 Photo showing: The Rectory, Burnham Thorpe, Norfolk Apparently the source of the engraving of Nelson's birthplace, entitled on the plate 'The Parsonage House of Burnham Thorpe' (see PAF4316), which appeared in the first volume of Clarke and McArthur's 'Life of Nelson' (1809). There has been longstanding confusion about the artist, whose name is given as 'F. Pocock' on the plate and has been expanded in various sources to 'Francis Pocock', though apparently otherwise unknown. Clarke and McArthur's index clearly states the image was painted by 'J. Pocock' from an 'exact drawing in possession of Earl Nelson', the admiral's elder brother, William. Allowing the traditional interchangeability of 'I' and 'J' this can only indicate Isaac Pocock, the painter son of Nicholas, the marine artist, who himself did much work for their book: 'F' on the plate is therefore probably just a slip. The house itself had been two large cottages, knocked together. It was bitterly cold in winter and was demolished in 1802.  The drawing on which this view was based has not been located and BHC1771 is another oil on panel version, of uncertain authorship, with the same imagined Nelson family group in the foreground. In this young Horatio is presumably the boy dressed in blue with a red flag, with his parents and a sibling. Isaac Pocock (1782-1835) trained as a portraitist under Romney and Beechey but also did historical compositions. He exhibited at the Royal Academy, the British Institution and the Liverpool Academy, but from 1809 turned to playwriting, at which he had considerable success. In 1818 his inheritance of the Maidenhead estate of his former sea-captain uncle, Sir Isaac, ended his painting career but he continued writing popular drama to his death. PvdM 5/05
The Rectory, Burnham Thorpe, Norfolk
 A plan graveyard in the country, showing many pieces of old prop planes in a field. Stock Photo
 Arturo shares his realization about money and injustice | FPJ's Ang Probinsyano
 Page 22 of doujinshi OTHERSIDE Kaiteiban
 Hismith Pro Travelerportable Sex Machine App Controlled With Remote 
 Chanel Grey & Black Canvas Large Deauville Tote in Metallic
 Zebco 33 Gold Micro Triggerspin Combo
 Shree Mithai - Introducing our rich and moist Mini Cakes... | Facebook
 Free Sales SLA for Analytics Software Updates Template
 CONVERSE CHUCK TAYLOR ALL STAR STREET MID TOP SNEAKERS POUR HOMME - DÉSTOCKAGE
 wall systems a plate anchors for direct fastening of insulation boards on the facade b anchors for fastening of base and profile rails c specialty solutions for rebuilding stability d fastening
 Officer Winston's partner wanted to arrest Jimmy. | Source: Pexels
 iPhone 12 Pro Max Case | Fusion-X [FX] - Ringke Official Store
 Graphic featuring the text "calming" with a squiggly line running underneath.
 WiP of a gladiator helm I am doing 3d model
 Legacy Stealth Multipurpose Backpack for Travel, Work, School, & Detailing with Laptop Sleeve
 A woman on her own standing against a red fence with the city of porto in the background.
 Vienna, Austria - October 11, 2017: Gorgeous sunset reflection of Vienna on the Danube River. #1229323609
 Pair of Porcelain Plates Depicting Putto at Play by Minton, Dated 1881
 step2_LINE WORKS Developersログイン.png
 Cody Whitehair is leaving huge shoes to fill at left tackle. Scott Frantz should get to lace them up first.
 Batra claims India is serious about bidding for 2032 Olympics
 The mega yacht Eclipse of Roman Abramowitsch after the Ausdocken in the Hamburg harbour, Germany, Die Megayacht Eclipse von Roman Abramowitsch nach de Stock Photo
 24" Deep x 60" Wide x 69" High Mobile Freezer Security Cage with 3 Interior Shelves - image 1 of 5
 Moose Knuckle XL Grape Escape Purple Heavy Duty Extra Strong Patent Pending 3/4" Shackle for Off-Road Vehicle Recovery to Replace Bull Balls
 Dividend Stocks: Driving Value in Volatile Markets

◆ ◆ ◆ ◆

The whole listing above should be output again exactly.

TASK RESULT:
 Photo showing: The Rectory, Burnham Thorpe, Norfolk Apparently the source of the engraving of Nelson's birthplace, entitled on the plate 'The Parsonage House of Burnham Thorpe' (see PAF4316), which appeared in the first volume of Clarke and McArthur's 'Life of Nelson' (1809). There has been longstanding confusion about the artist, whose name is given as 'F. Pocock' on the plate and has been expanded in various sources to 'Francis Pocock', though apparently otherwise unknown. Clarke and McArthur's index clearly states the image was painted by 'J. Pocock' from an 'exact drawing in possession of Earl Nelson', the admiral's elder brother, William. Allowing the traditional interchangeability of 'I' and 'J' this can only indicate Isaac Pocock, the painter son of Nicholas, the marine artist, who himself did much work for their book: 'F' on the plate is therefore probably just a slip. The house itself had been two large cottages, knocked together. It was bitterly cold in winter and was demolished in 1802.  The drawing on which this view was based has not been located and BHC1771 is another oil on panel version, of uncertain authorship, with the same imagined Nelson family group in the foreground. In this young Horatio is presumably the boy dressed in blue with a red flag, with his parents and a sibling. Isaac Pocock (1782-1835) trained as a portraitist under Romney and Beechey but also did historical compositions. He exhibited at the Royal Academy, the British Institution and the Liverpool Academy, but from 1809 turned to playwriting, at which he had considerable success. In 1818 his inheritance of the Maidenhead estate of his former sea-captain uncle, Sir Isaac, ended his painting career but he continued writing popular drama to his death. PvdM 5/05
The Rectory, Burnham Thorpe, Norfolk
 A plan graveyard in the country, showing many pieces of old prop planes in a field. Stock Photo
 Arturo shares his realization about money and injustice | FPJ's Ang Probinsyano
 Page 22 of doujinshi OTHERSIDE Kaiteiban
 Hismith Pro Travelerportable Sex Machine App Controlled With Remote 
 Chanel Grey & Black Canvas Large Deauville Tote in Metallic
 Zebco 33 Gold Micro Triggerspin Combo
 Shree Mithai - Introducing our rich and moist Mini Cakes... | Facebook
 Free Sales SLA for Analytics Software Updates Template
 CONVERSE CHUCK TAYLOR ALL STAR STREET MID TOP SNEAKERS POUR HOMME - DÉSTOCKAGE
 wall systems a plate anchors for direct fastening of insulation boards on the facade b anchors for fastening of base and profile rails c specialty solutions for rebuilding stability d fastening
 Officer Winston's partner wanted to arrest Jimmy. | Source: Pexels
 iPhone 12 Pro Max Case | Fusion-X [FX] - Ringke Official Store
 Graphic featuring the text "calming" with a squiggly line running underneath.
 WiP of a gladiator helm I am doing 3d model
 Legacy Stealth Multipurpose Backpack for Travel, Work, School, & Detailing with Laptop Sleeve
 A woman on her own standing against a red fence with the city of porto in the background.
 Vienna, Austria - October 11, 2017: Gorgeous sunset reflection of Vienna on the Danube River. #1229323609
 Pair of Porcelain Plates Depicting Putto at Play by Minton, Dated 1881
 step2_LINE WORKS Developersログイン.png
 Cody Whitehair is leaving huge shoes to fill at left tackle. Scott Frantz should get to lace them up first.
 Batra claims India is serious about bidding for 2032 Olympics
 The mega yacht Eclipse of Roman Abramowitsch after the Ausdocken in the Hamburg harbour, Germany, Die Megayacht Eclipse von Roman Abramowitsch nach de Stock Photo
 24" Deep x 60" Wide x 69" High Mobile Freezer Security Cage with 3 Interior Shelves - image 1 of 5
 Moose Knuckle XL Grape Escape Purple Heavy Duty Extra Strong Patent Pending 3/4" Shackle for Off-Road Vehicle Recovery to Replace Bull Balls
 Dividend Stocks: Driving Value in Volatile Markets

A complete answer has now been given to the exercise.